Would you print the lines below exactly, beginning at the line that has "Twee jaren '50" and stopping after the line that has "Profesor Emeritus Dr. Jinap Selamat"? Only those lines, and no pictures.
--- Dataset records ---
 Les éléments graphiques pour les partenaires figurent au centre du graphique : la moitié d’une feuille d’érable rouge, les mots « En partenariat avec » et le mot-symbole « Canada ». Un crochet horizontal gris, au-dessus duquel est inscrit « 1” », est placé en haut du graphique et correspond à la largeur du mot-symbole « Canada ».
---
--- Dataset records ---
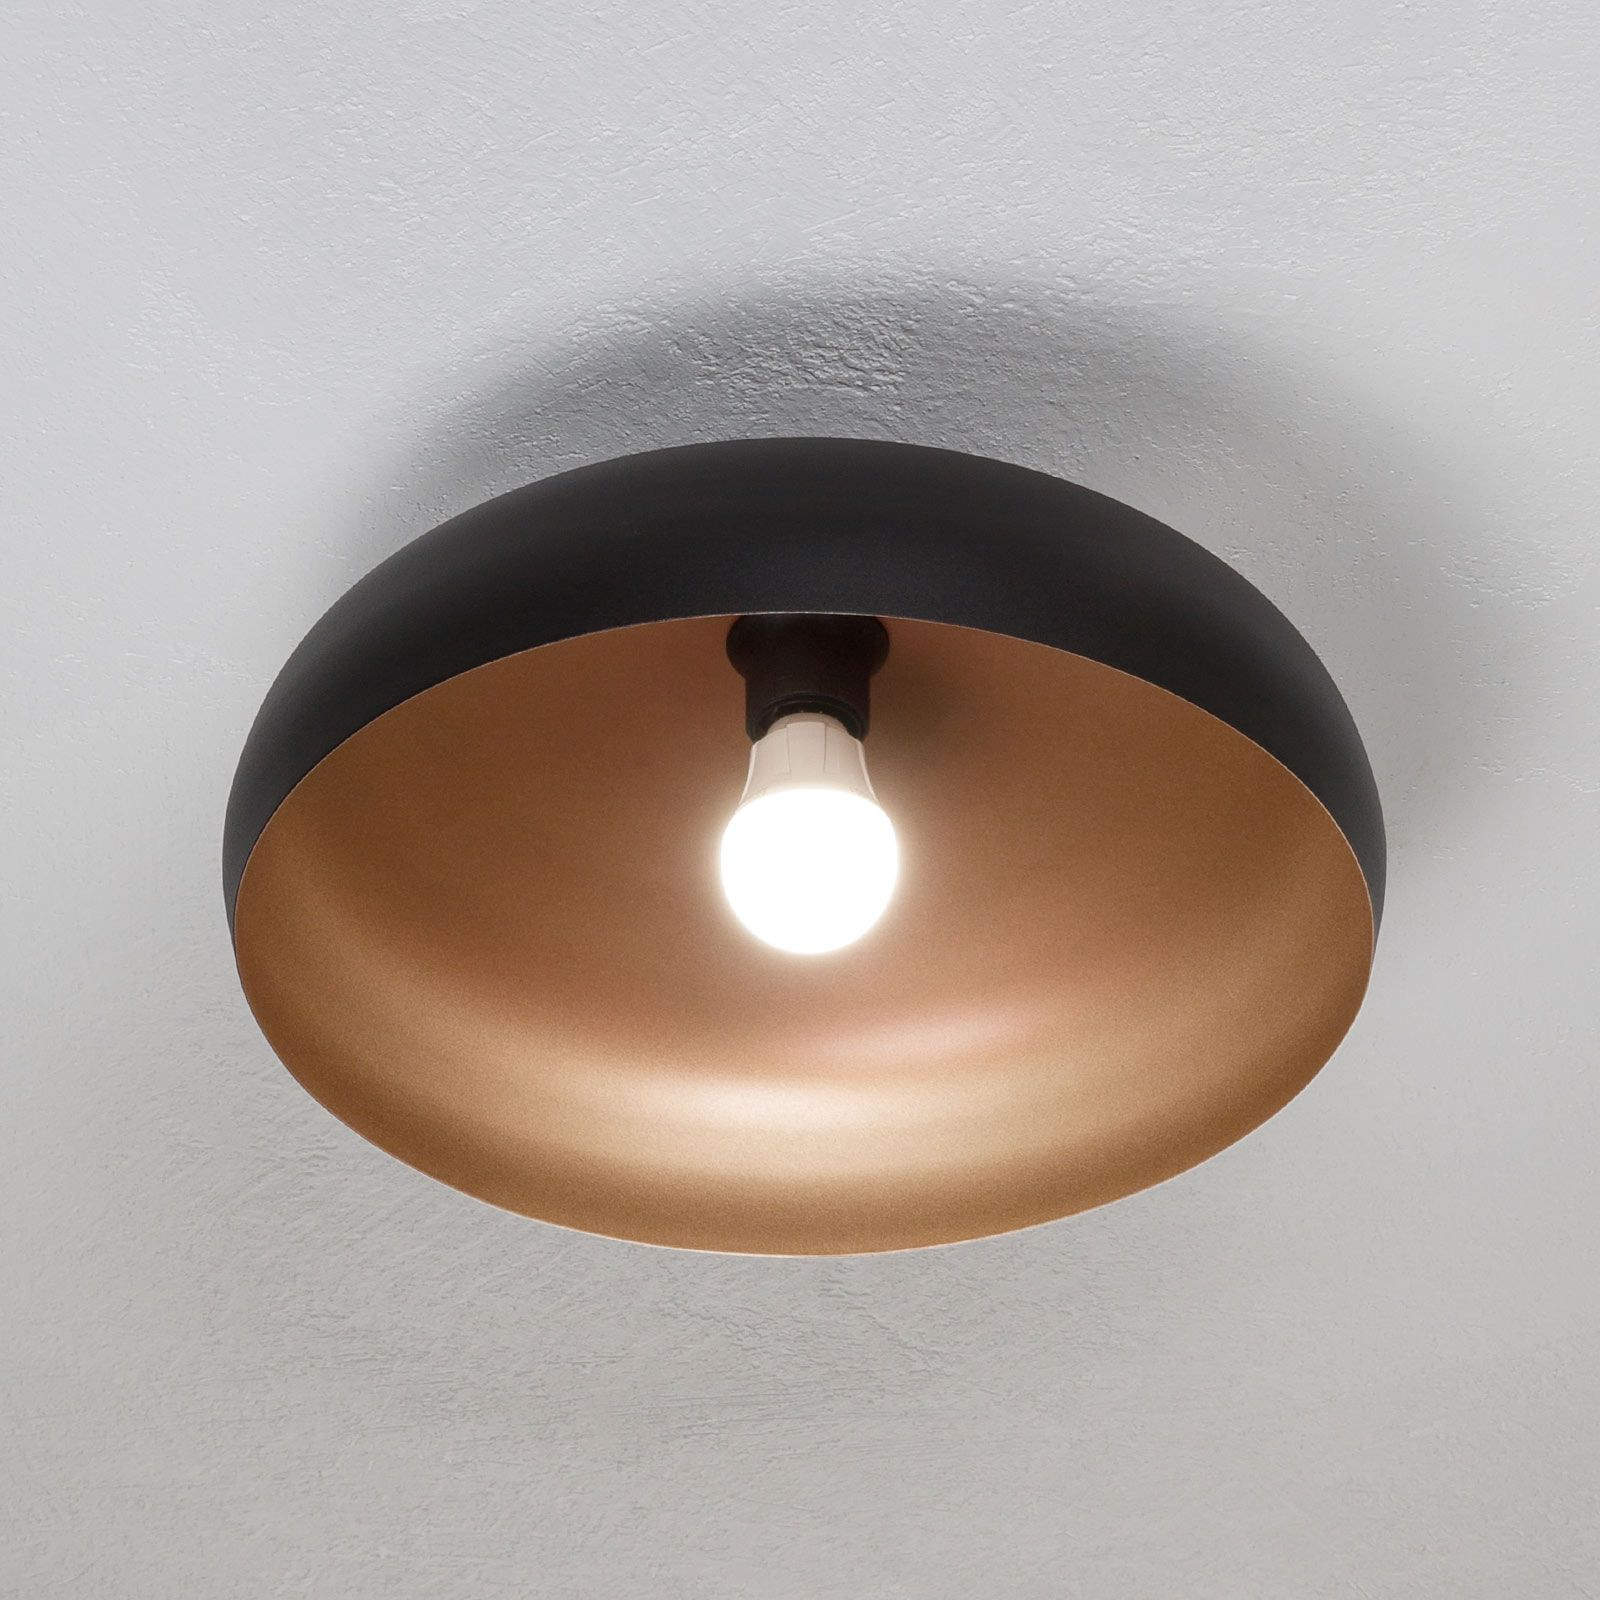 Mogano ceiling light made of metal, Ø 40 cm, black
---
--- Dataset records ---
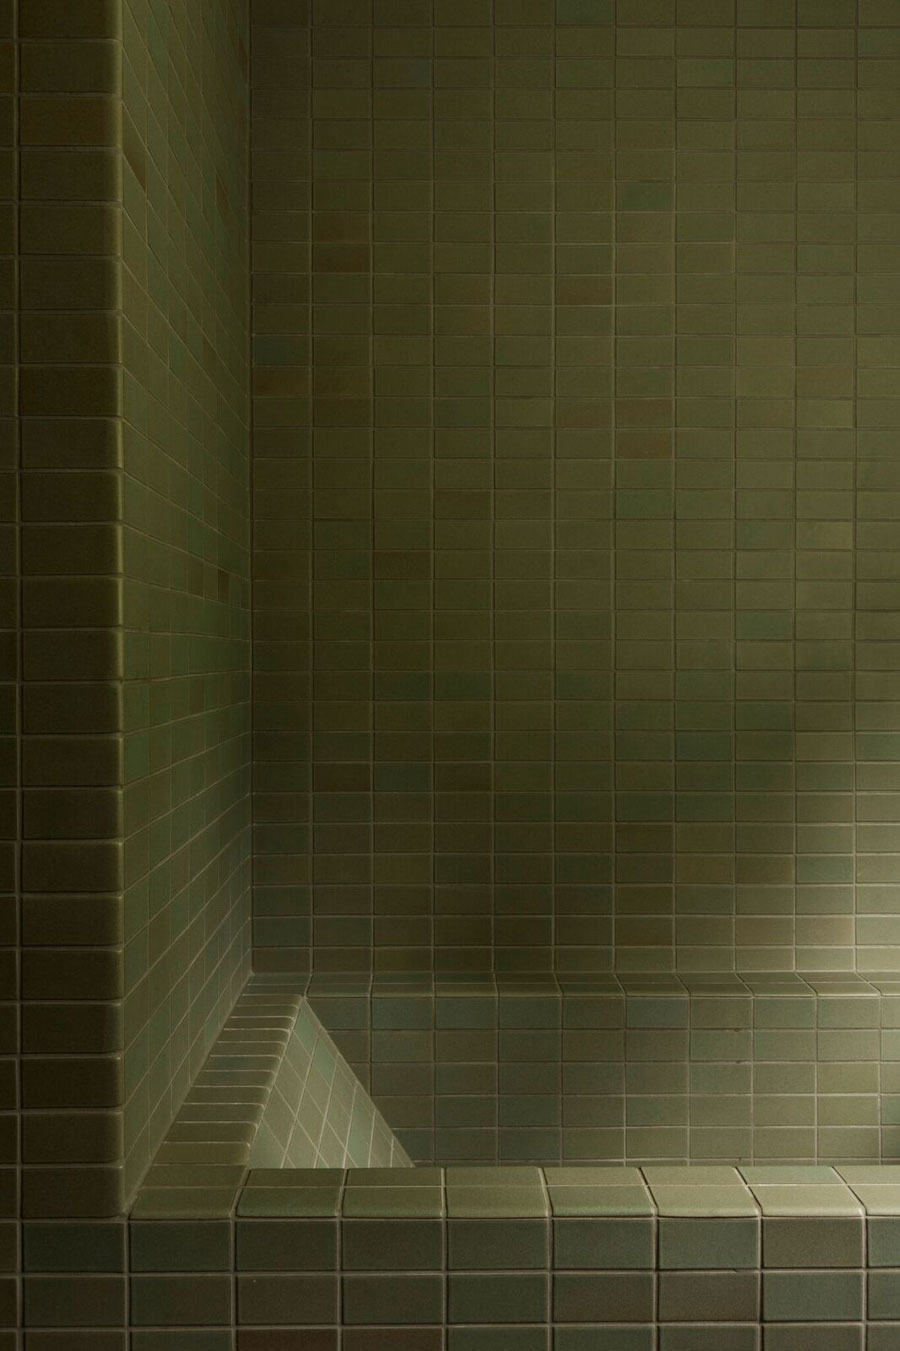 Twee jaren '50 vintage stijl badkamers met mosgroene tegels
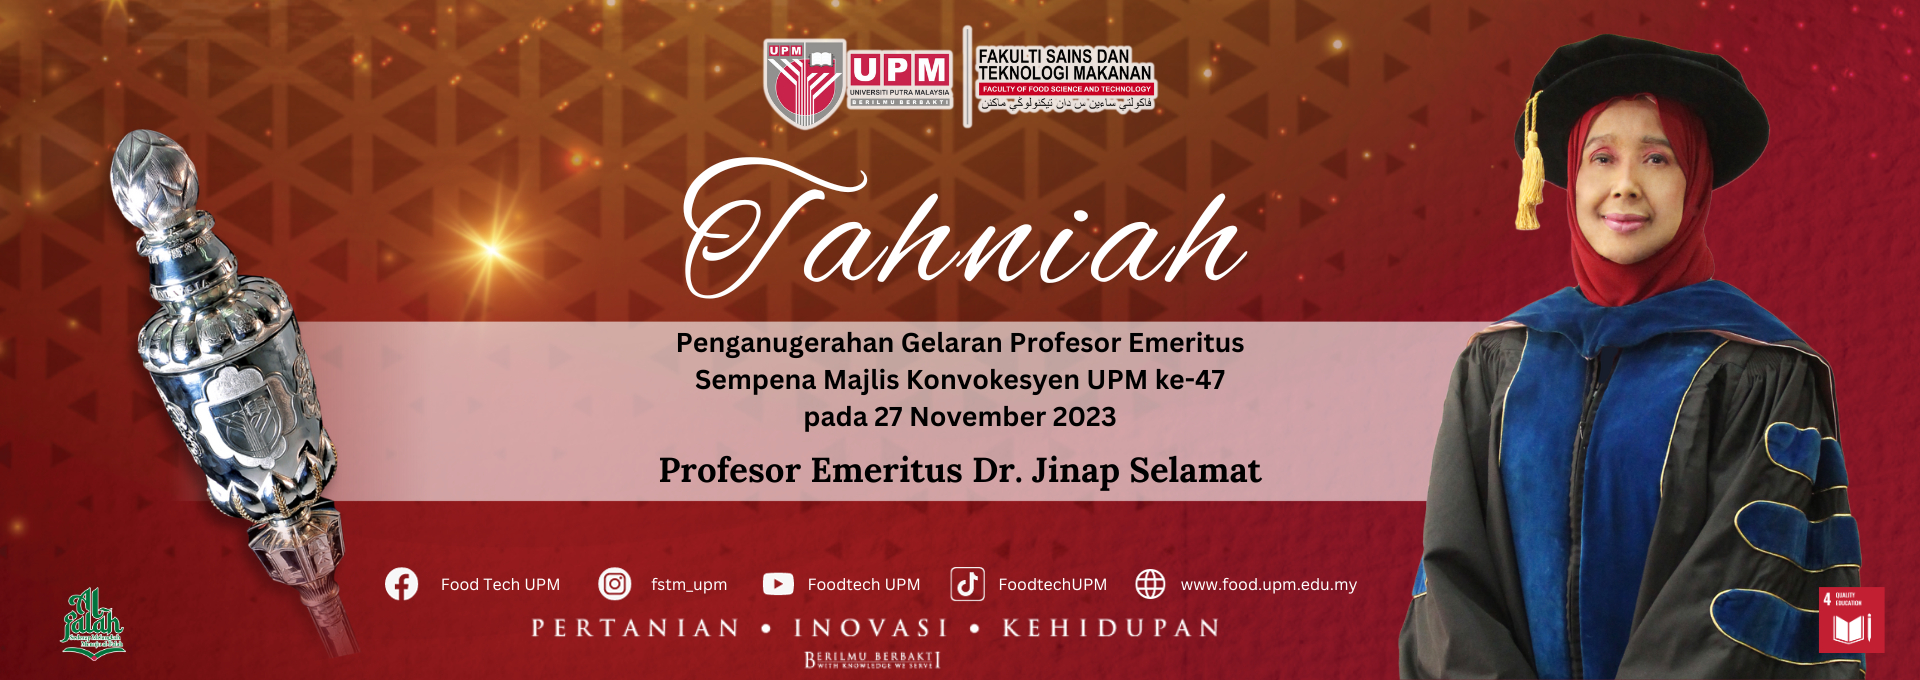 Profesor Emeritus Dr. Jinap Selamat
---
* Result of the exercise *
 Twee jaren '50 vintage stijl badkamers met mosgroene tegels
 Profesor Emeritus Dr. Jinap Selamat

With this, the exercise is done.